Капитан внимательно посмотрел на жену и чуть усмехнулся.

— Ничего этого конечно не будет, — спокойно возразил он, — в особенности проекта с болотом. Я еще допустил бы подобную возможность в другой обстановке— ну, скажем, высокий обрыв над морской пучиной. Это было бы по крайней мере, так сказать, поэтично. А то представь себе: такая изящная дама, барахтающаяся в черной полужидкой грязи!

Он расхохотался и уже весело и ласково добавил:

— И не будь глупой, Мадлзн, а то смотри, какой кислый разговор мы затеяли при Ильине. У него от сочувствия тоже глаза почти на мокром месте.

Ильин, до сих пор молча сидевший у окна, поднялся и взял шлем. Слова Ленуара не оскорбили его. Ведь этот несчастный капитан не знал, что теперь для Ильина дело идет не о самоубийстве и не о побеге. Но стало мучительно неловко перед Мадлэн. Это был первый случай, когда при посторонних обнажалась трещина, разделявшая капитана и его жену, и, очевидно, слишком уже натянулось что-то между ними, если такой разговор мог произойти в присутствии постороннего. Он молча поклонился и направился к дверям, но Мадлэн решительным жестом остановила его.

— Я очень прошу вас остаться, — сказала она. — У меня такое настроение, что мне бы не хотелось быть сейчас одной.

Капитан взглянул на побледневшее и немного растерянное лицо Ильина и уже совсем дружелюбно усадил его в кресло:

— Сидите, Ильин. Мадлэн должна сейчас выпустить заряд кислых слов. Вы как раз подойдете в качестве сочувствующего слушателя, а я для этого очень мало приспособлен… И не сердись на меня, Мадлэн, — мягко добавил он, — я знаю, что тебе скучно и тяжело. Но ведь другого исхода нет. Хотим мы или не хотим, ко великое дело, начатое здесь, требует от каждого из нас известной жертвы… Я ухожу сейчас по делу к профессору Крозу и часа через полтора вернусь к обеду. Надеюсь застать тебя уже в хорошем настроении!

Капитан приветливо улыбнулся и вышел. Наступило молчание. Мадлэн сидела опустив голову и медленно перебирала рукой складки скатерти. Ильин не решался первым приступить к объяснению.

— Мне очень тяжело, — начал он наконец, — что я присутствовал при этом разговоре. Впрочем, быть может это даже и к лучшему: я шел сюда отчасти с целью переговорить с вами как раз на затронутые сегодня темы. Самое главное — вам надо настоять на своем отъезде в Европу.

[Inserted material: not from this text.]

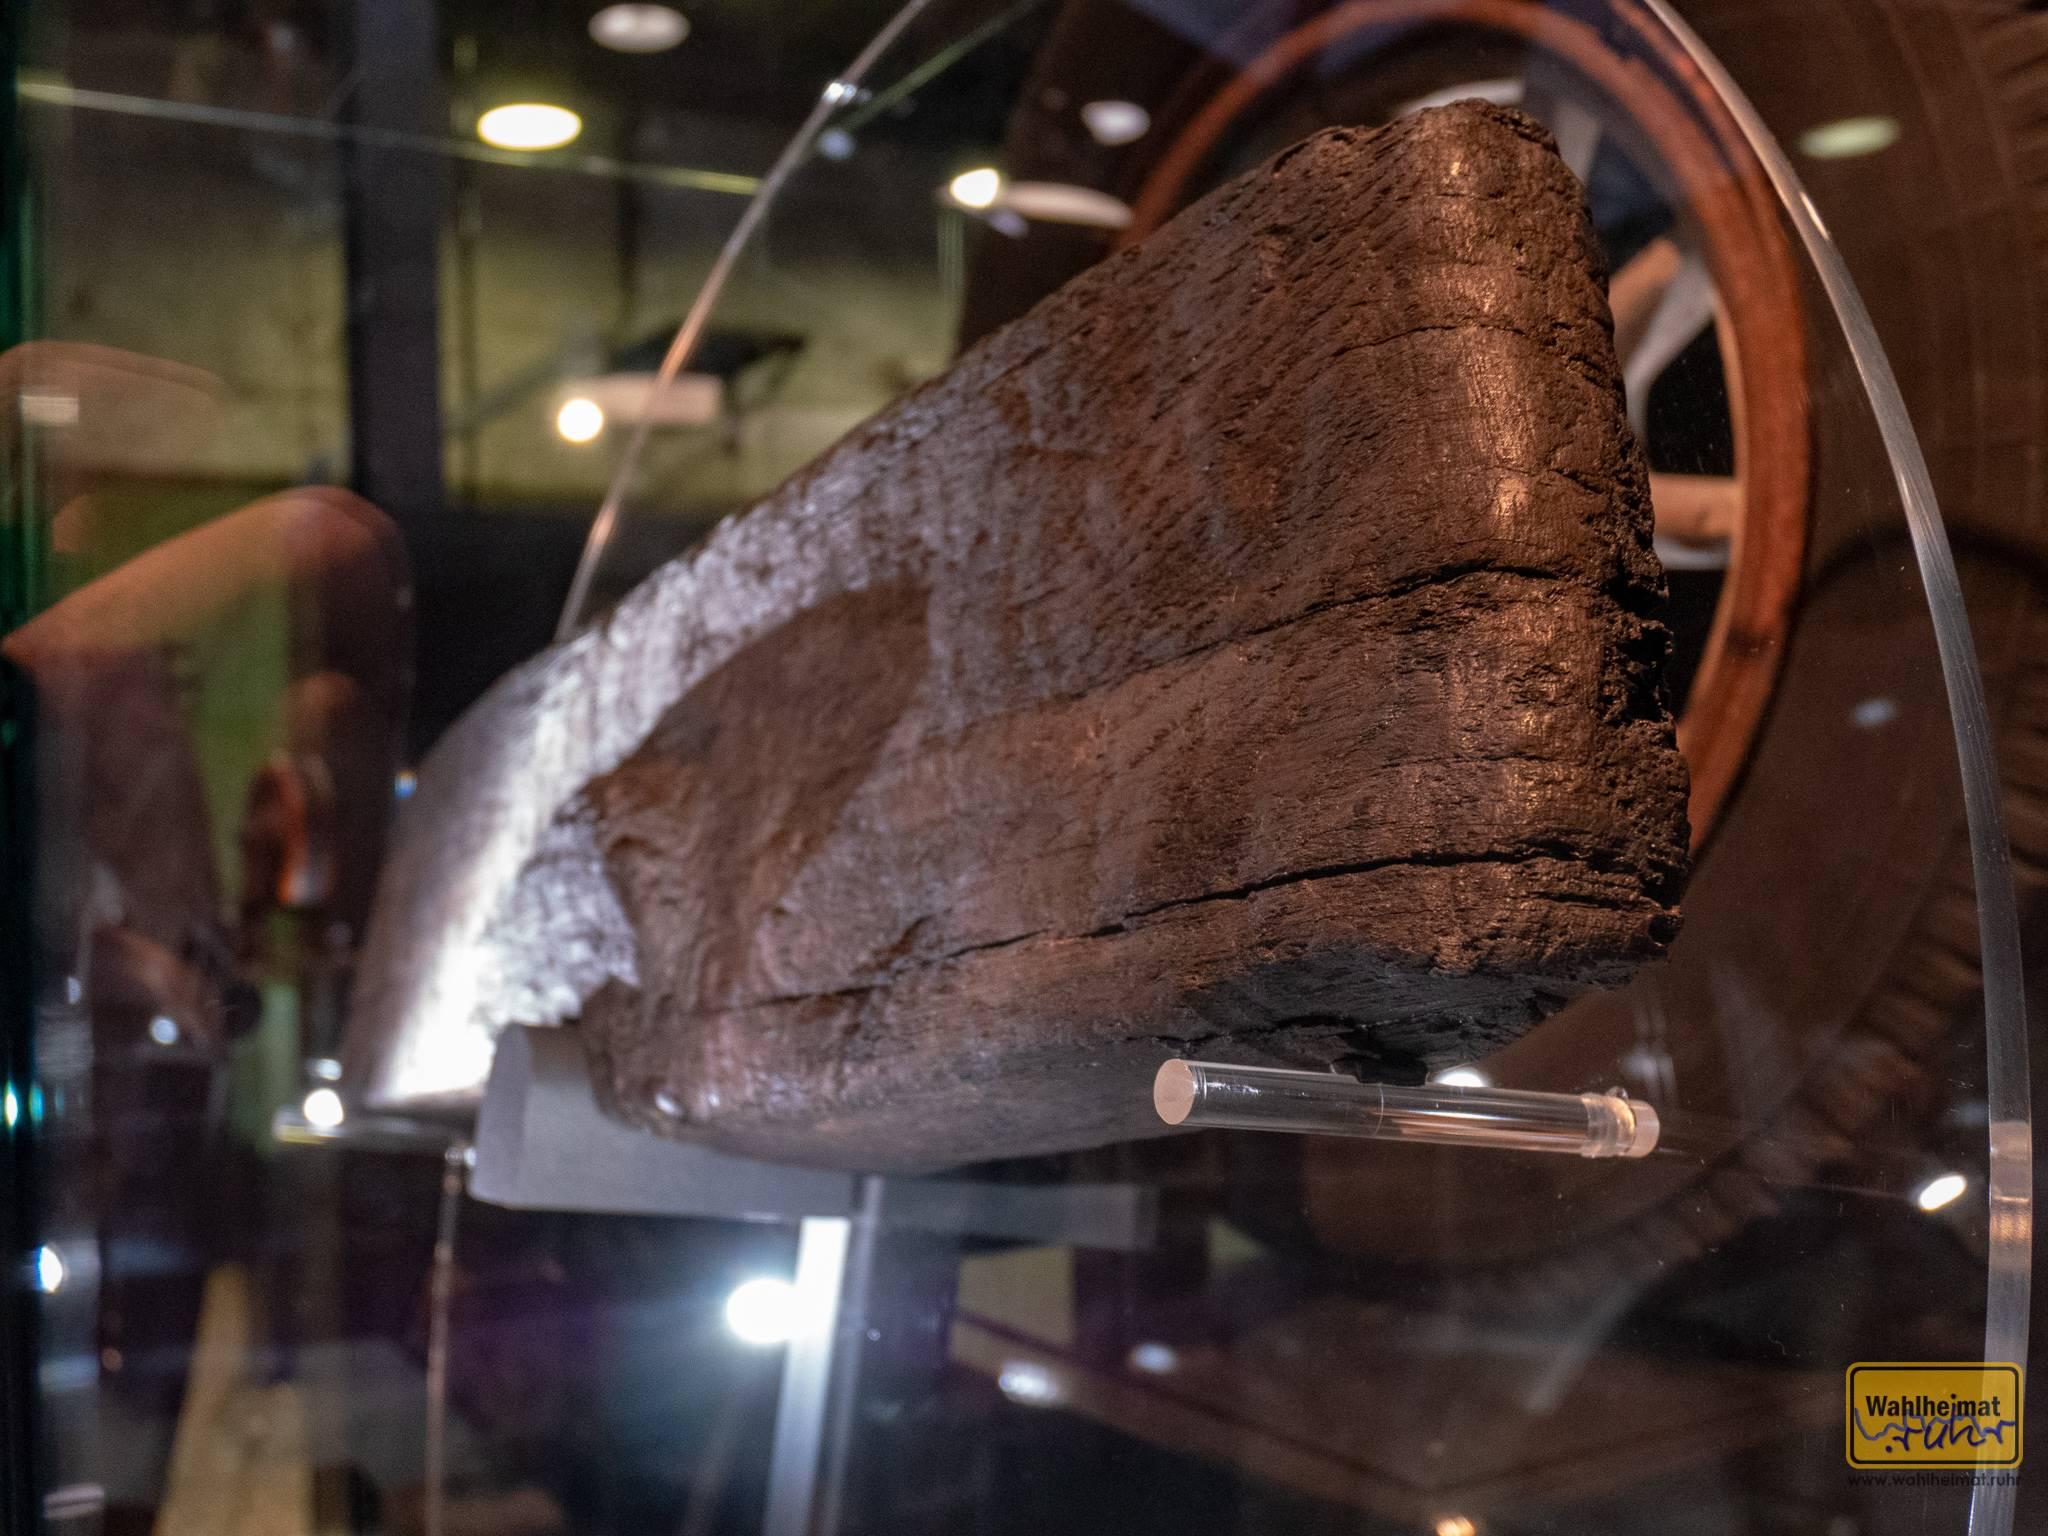 Schon in der Jungsteinzeit kannte man Räder. Wie hier an diesem Teilstück aus einem Moorfund zu sehen ist.

Молодая женщина подняла опущенные глаза и грустно усмехнулась:

— А вы думаете, сегодняшний разговор был первым нашим столкновением по этому поводу? Вы же сами видели, что ваш совет исполнить не так легко. До некоторой степени мы с вами в одинаковом положении, Ильин.

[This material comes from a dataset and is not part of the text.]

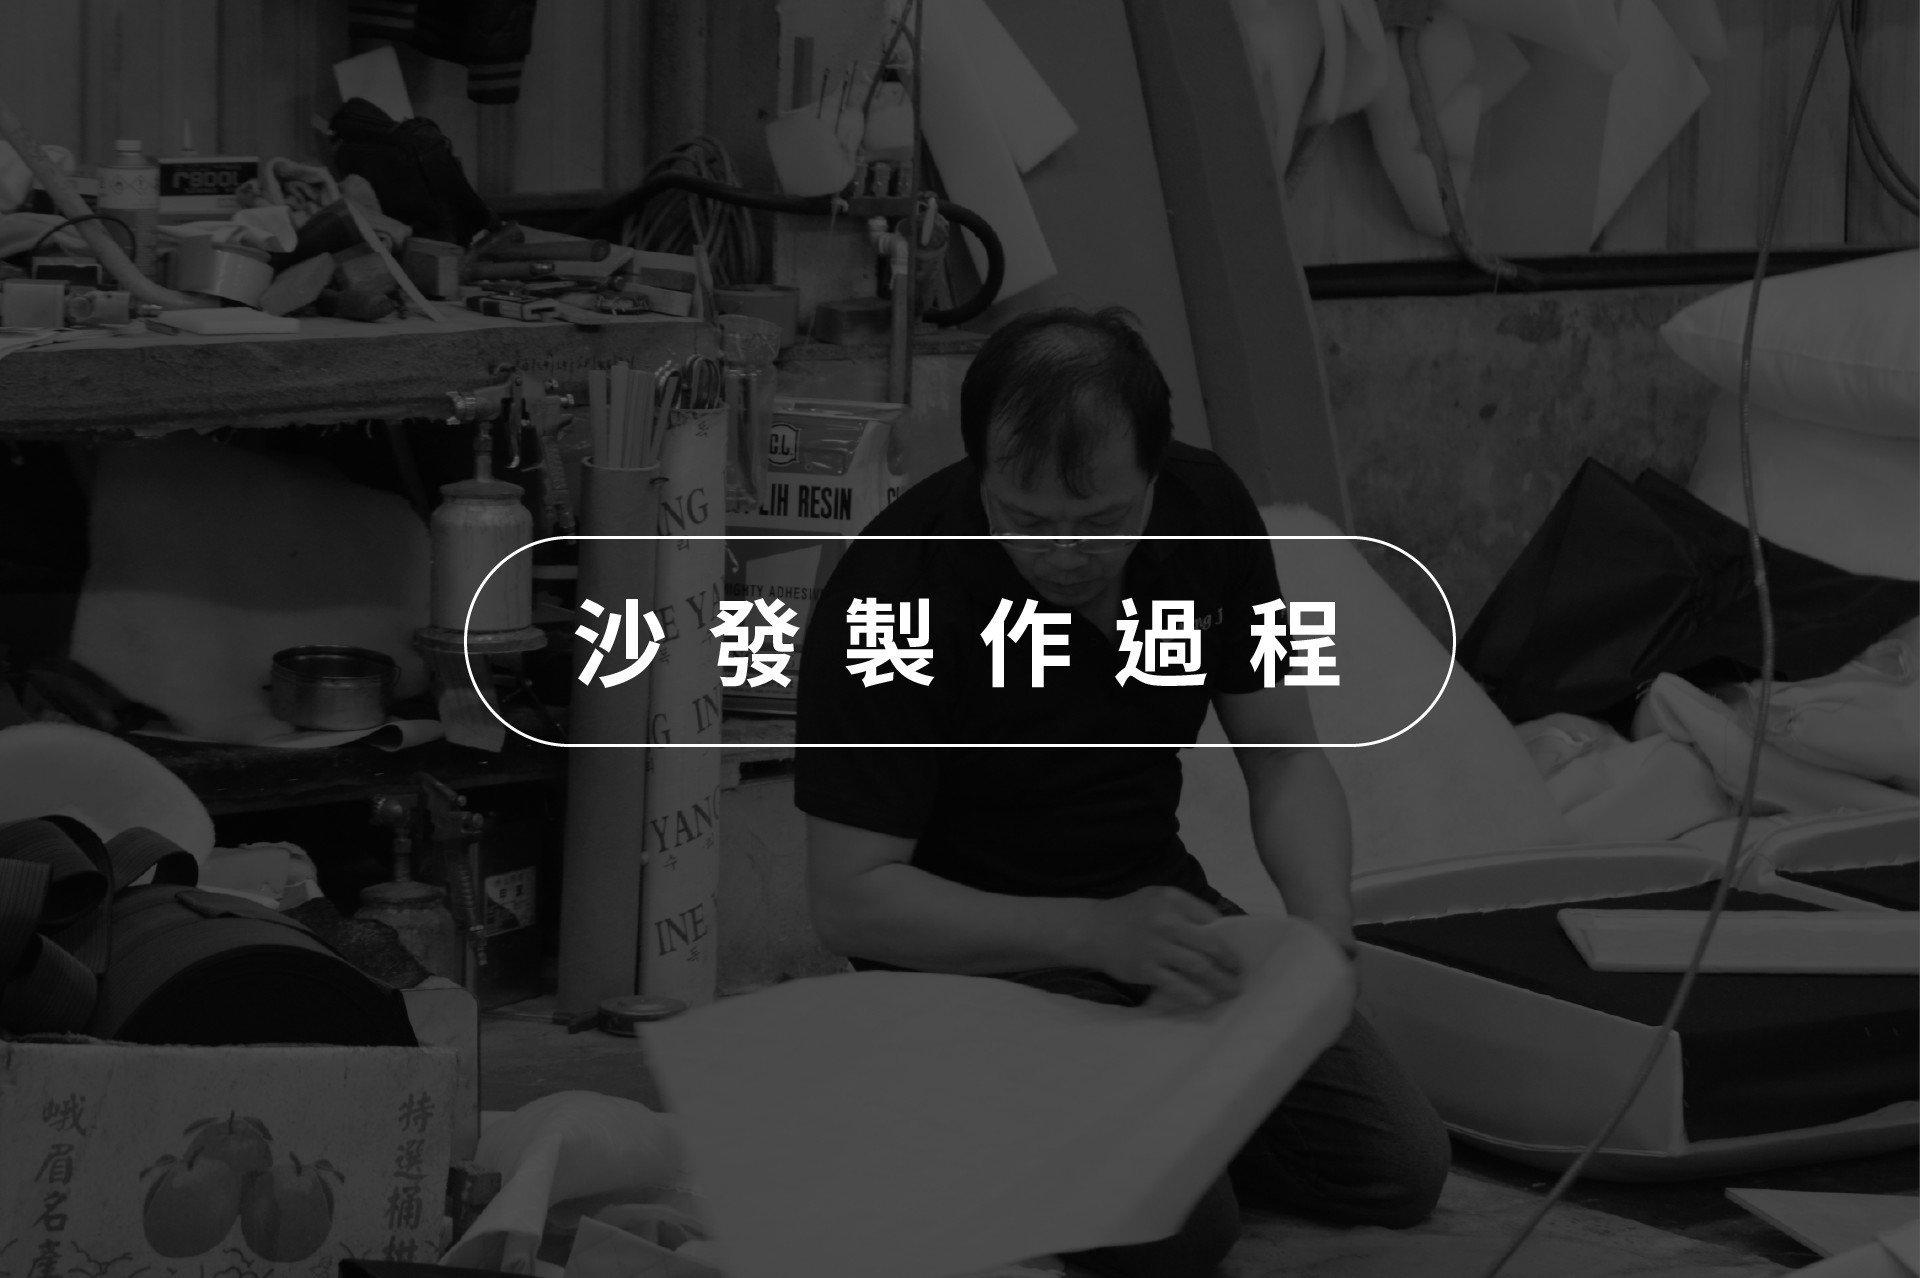 明久家具,專業沙發床墊品牌,其沙發製作過程如下:

Ильин быстро шагнул к молодой женщине, но на полпути внезапно остановился. Последними словами Мадлэн разорвала тонкую и прозрачную, но упруго отталкивающую преграду, которая их разделяла, и радостная решимость опьяняющей волной смыла тоску и колебания последних дней.

— Капитан сегодня заявил, — сказал Ильин, — что судьба не наградила меня избытком решимости. Это не верно, Мадлэн.

Он в первый раз б жизни назвал ее просто по имени и сам даже не заметил этого.

— Я полагаю, — продолжал он, — что вам еще придется проверить мои слова на деле… Пока же я могу сказать вот что: у нас в СССР решимость раньше дела не брызжет искрами, но история наглядно показала, какую ломающую преграды волю к победе мы развернули в великой борьбе последних десятилетий. Эге! Разве мы не тряхнули старым миром— так, что гнилые щепки, вроде нашего Ахматова, полетели через границу б самые отдаленные углы земного шара?

В голосе Ильина зазвучали совсем новые для Мадлэн интонации беззаботной, уверенной и властной силы. Он взял обе руки молодой женщины и прижал их ладонями друг к другу.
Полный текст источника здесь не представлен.